■ TASK DESCRIPTION ■
Starting at the line that has "Раскраска Раскраска с" and stopping after the line that has "Marshall Fenn Closed by Cyrus", reproduce the listing below exactly; omit everything else.

■ PROVIDED ENTRIES ■
>>>>>
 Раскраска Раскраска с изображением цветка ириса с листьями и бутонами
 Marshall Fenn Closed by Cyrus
<<<<<
>>>>>
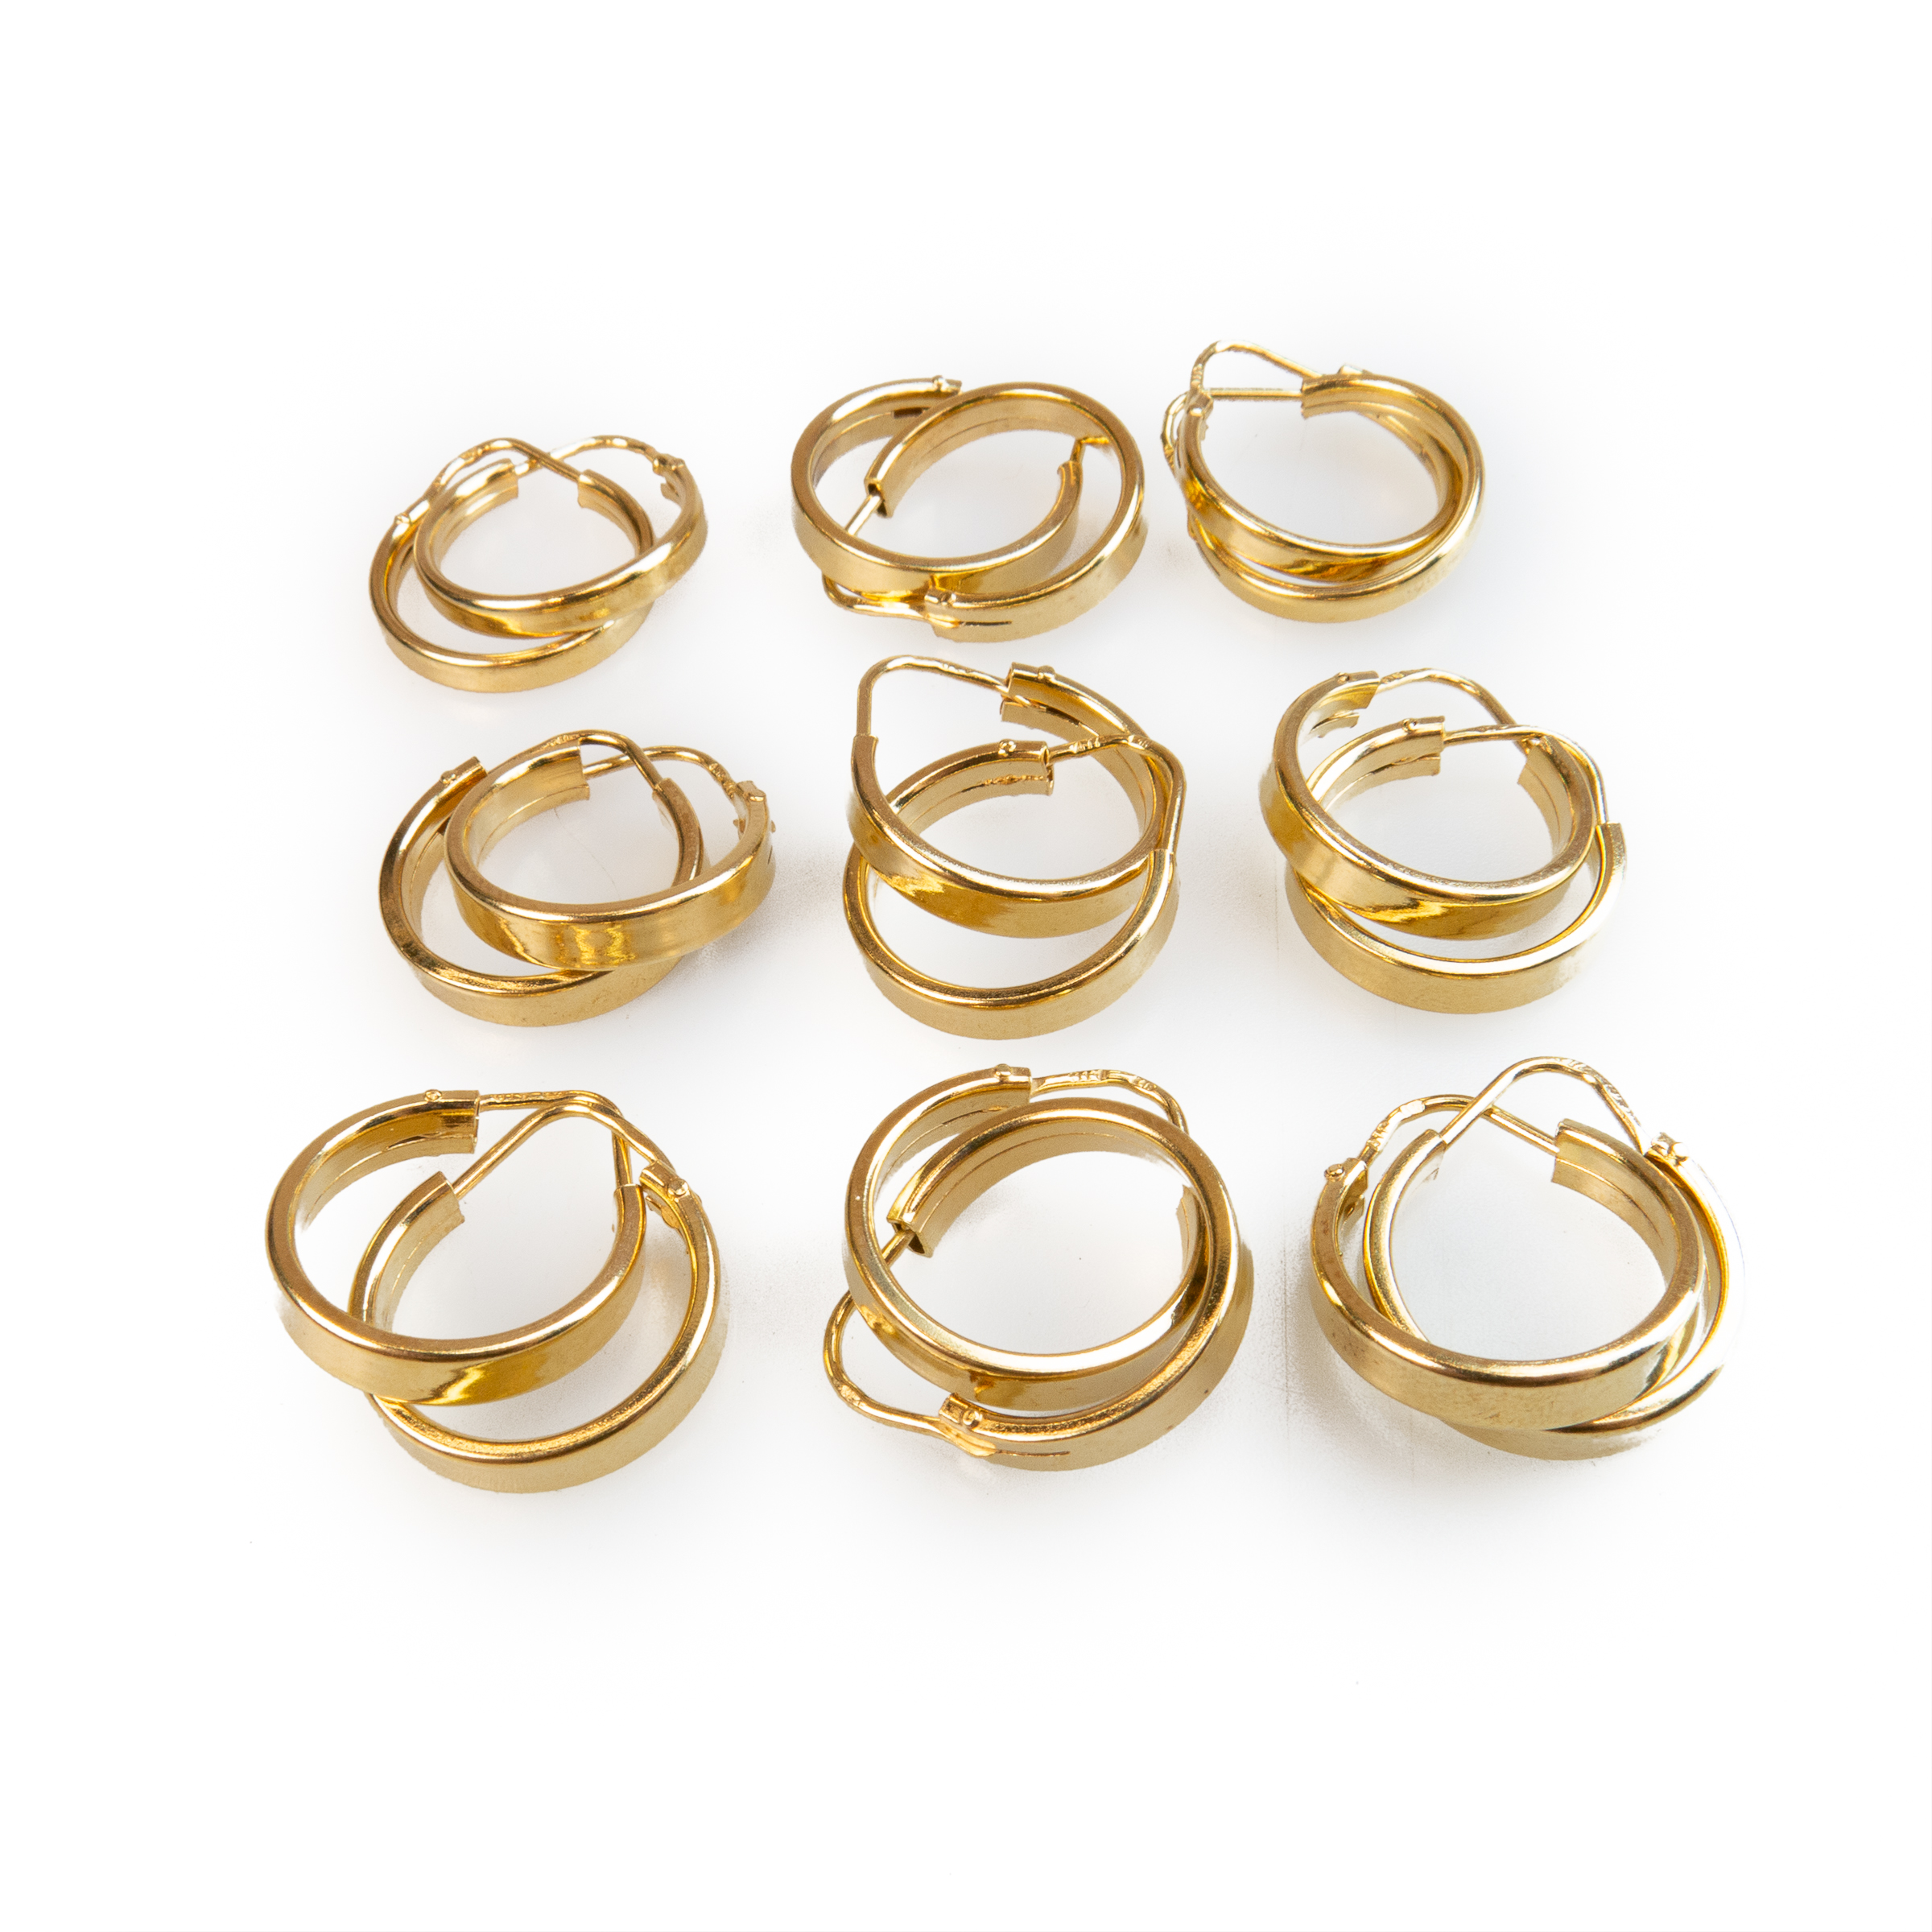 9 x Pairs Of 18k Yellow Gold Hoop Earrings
<<<<<
>>>>>
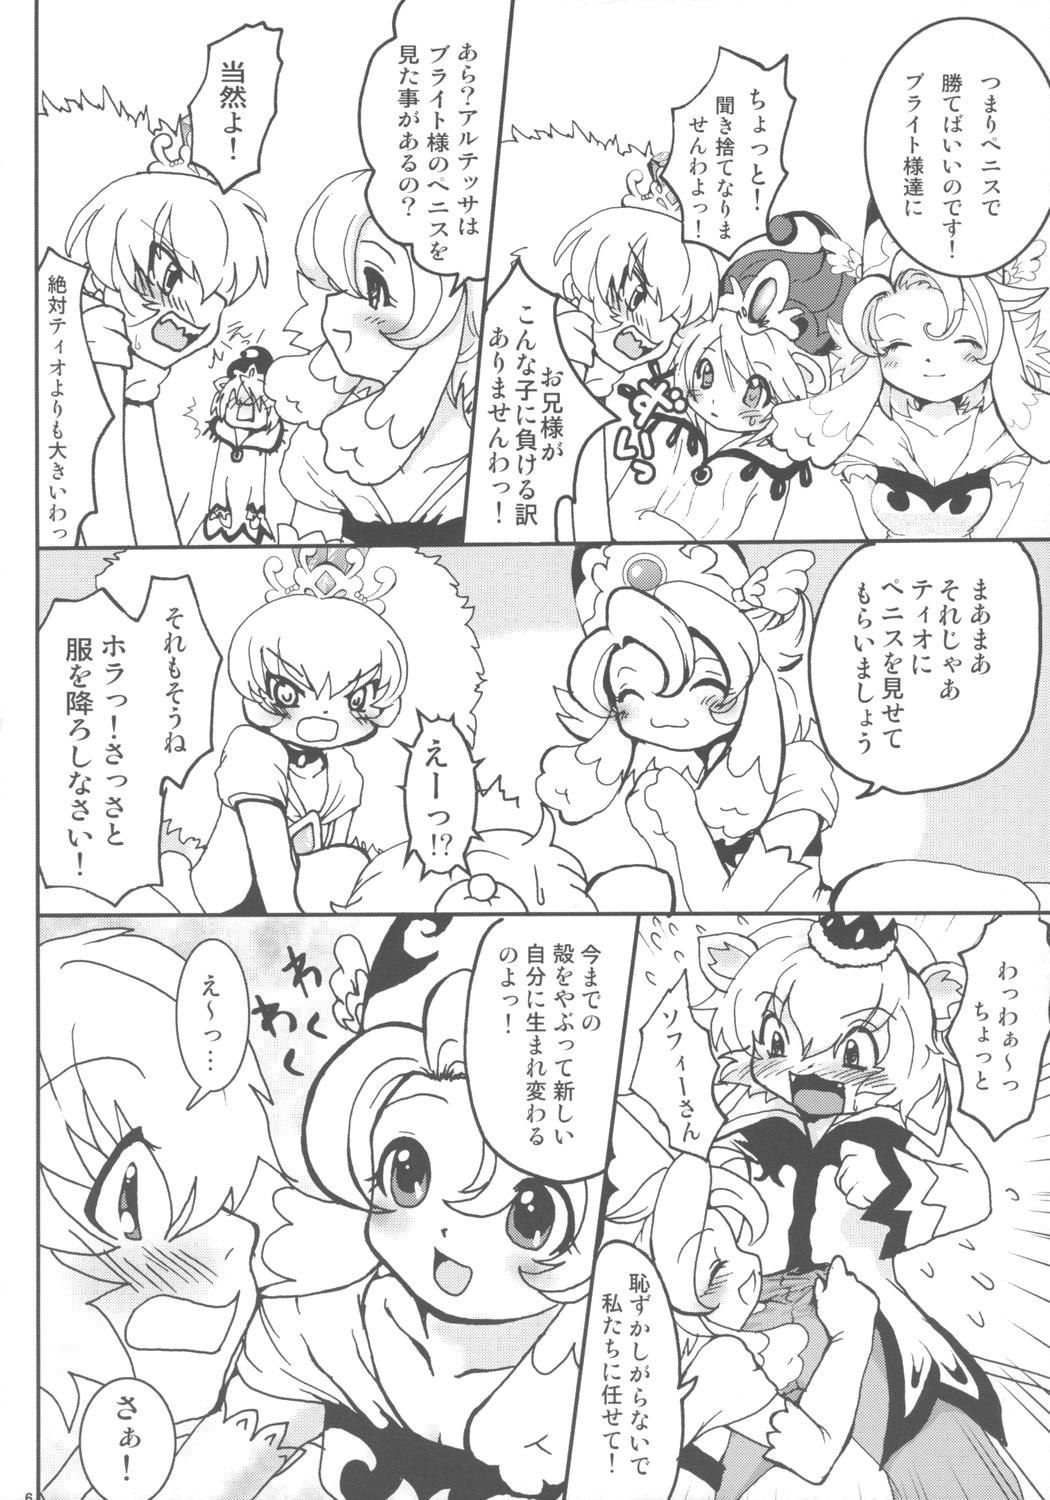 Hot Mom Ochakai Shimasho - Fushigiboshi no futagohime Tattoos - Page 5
<<<<<
■ RESULT FOR THIS TASK ■
 Раскраска Раскраска с изображением цветка ириса с листьями и бутонами
 Marshall Fenn Closed by Cyrus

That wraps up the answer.